Photographic studios are resourceful places. If you look hard you can find enough clobber to make the basic layout of a car: four seats, hi-fi, steering wheel, stepladder as a centre console, vacuum as the motor, cable reel to represent the electrics, there's a fan in there, a child seat, a broom, helmet, oil can and more besides. Admittedly it got more tenuous. The point is this: that pile you see in the top right photo on the page opposite weighs 100kg. Exactly. I know this because I took my bathroom scales along.
And that's how much weight BMW took out of the standard M4 to create the new CSL. It's a lot, isn't it? Although as we all know, the latest M4 is no flyweight and even with all the subtraction that's gone on, this new car still weighs 1,625kg - a quarter of a tonne more than the last car to wear this, the most hallowed badge in the BMW pantheon.
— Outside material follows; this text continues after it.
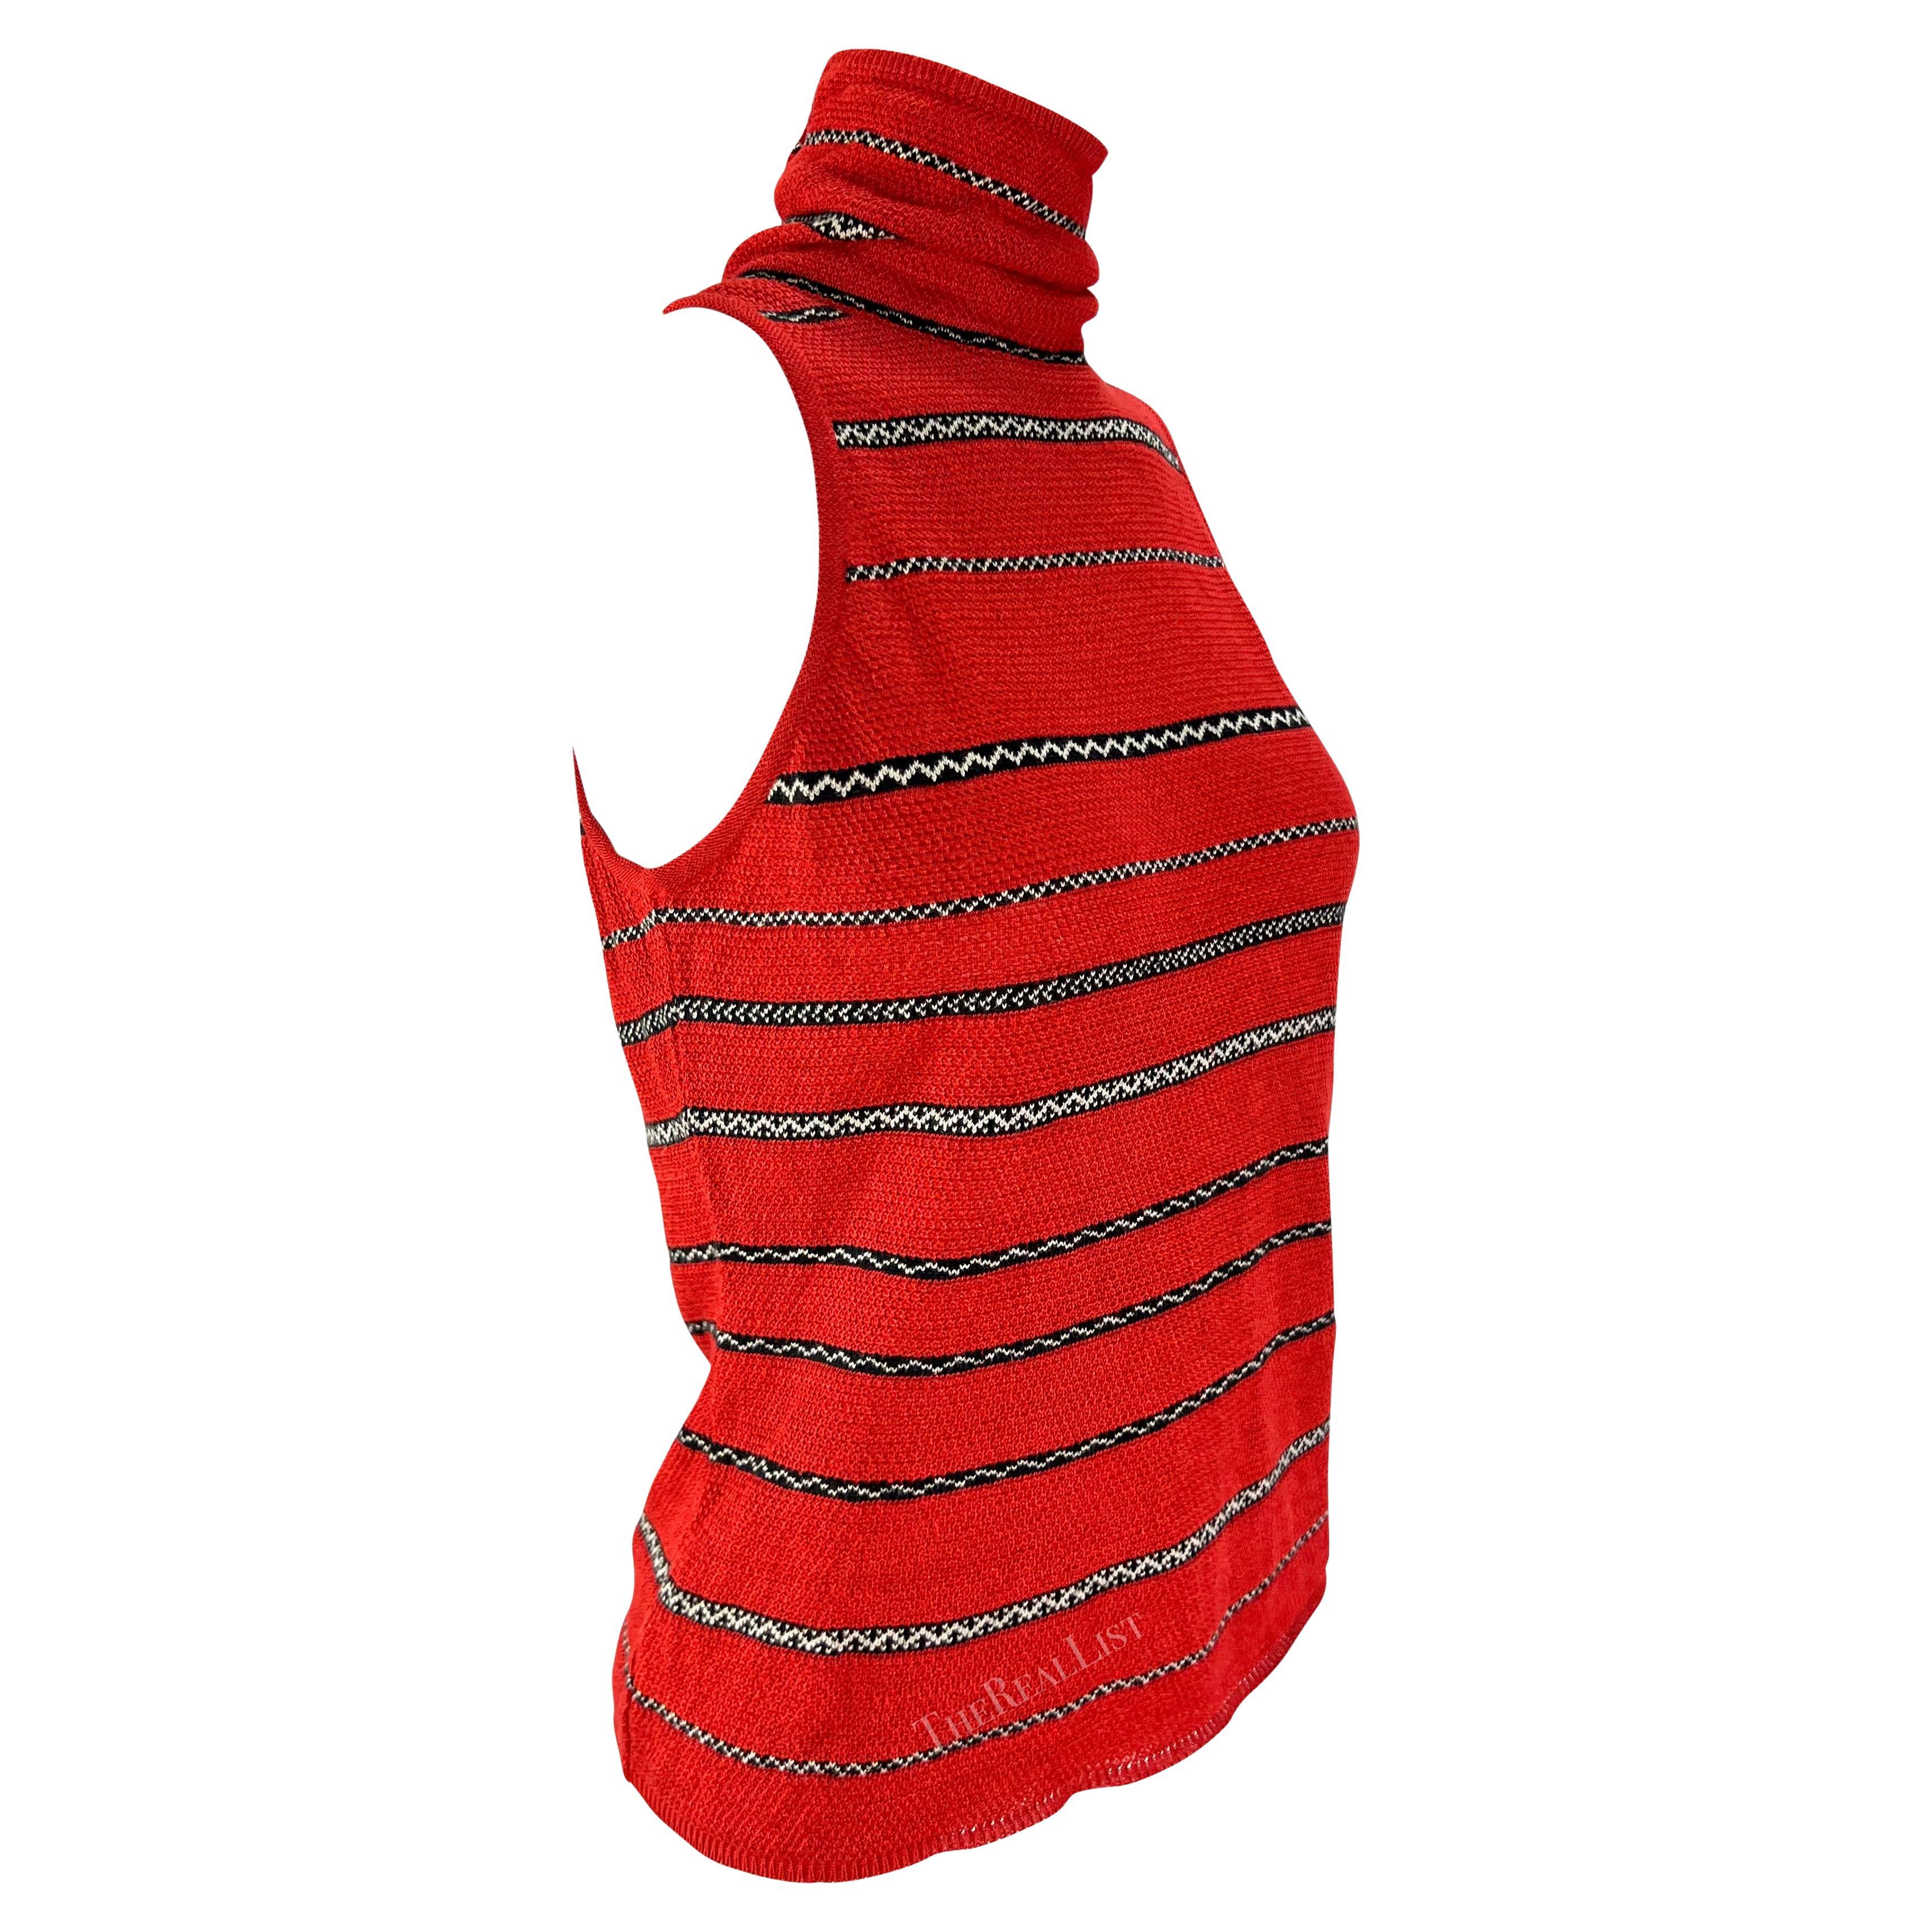 S/S 1997 Ralph Lauren Runway Ad Stretch Knit Linen Red Stripe Mock Neck Top For Sale 5
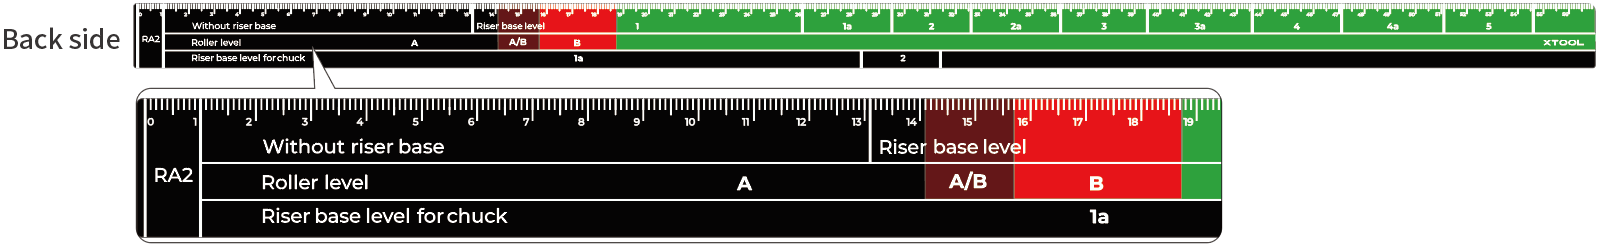 Tape_Measure_-_Marking_2.png

The first was the E9 3.0 CSL back in 1972. BMW wanted to race in the European Touring Car Championship, so the CSL was the homologation car created to aid that plan. Even at a distance of 50 years, you'll recognise the weight-saving strategy: aluminium doors, bonnet and boot, Perspex windows, the electric windows were ditched, so too various bits of trim and sound-proofing. It worked; 1,265 were made and the CSL won the driver's championship six times during the Seventies.
Hard to say why the badge then lay dormant until 2003. With the E30 M3 BMW favoured the EVO tag, then GT for the E36. CSL returned with the E46 M3. Seminal is a word often bandied about around that car, the first to have a carbon roof (saving 7kg of the 110kg total), plus a carbon airbox for an intake snarl like nothing else. The definitive M car, many reckon, the best there's ever been.
Bu hikaye Top Gear dergisinin July 2022 sayısından alınmıştır.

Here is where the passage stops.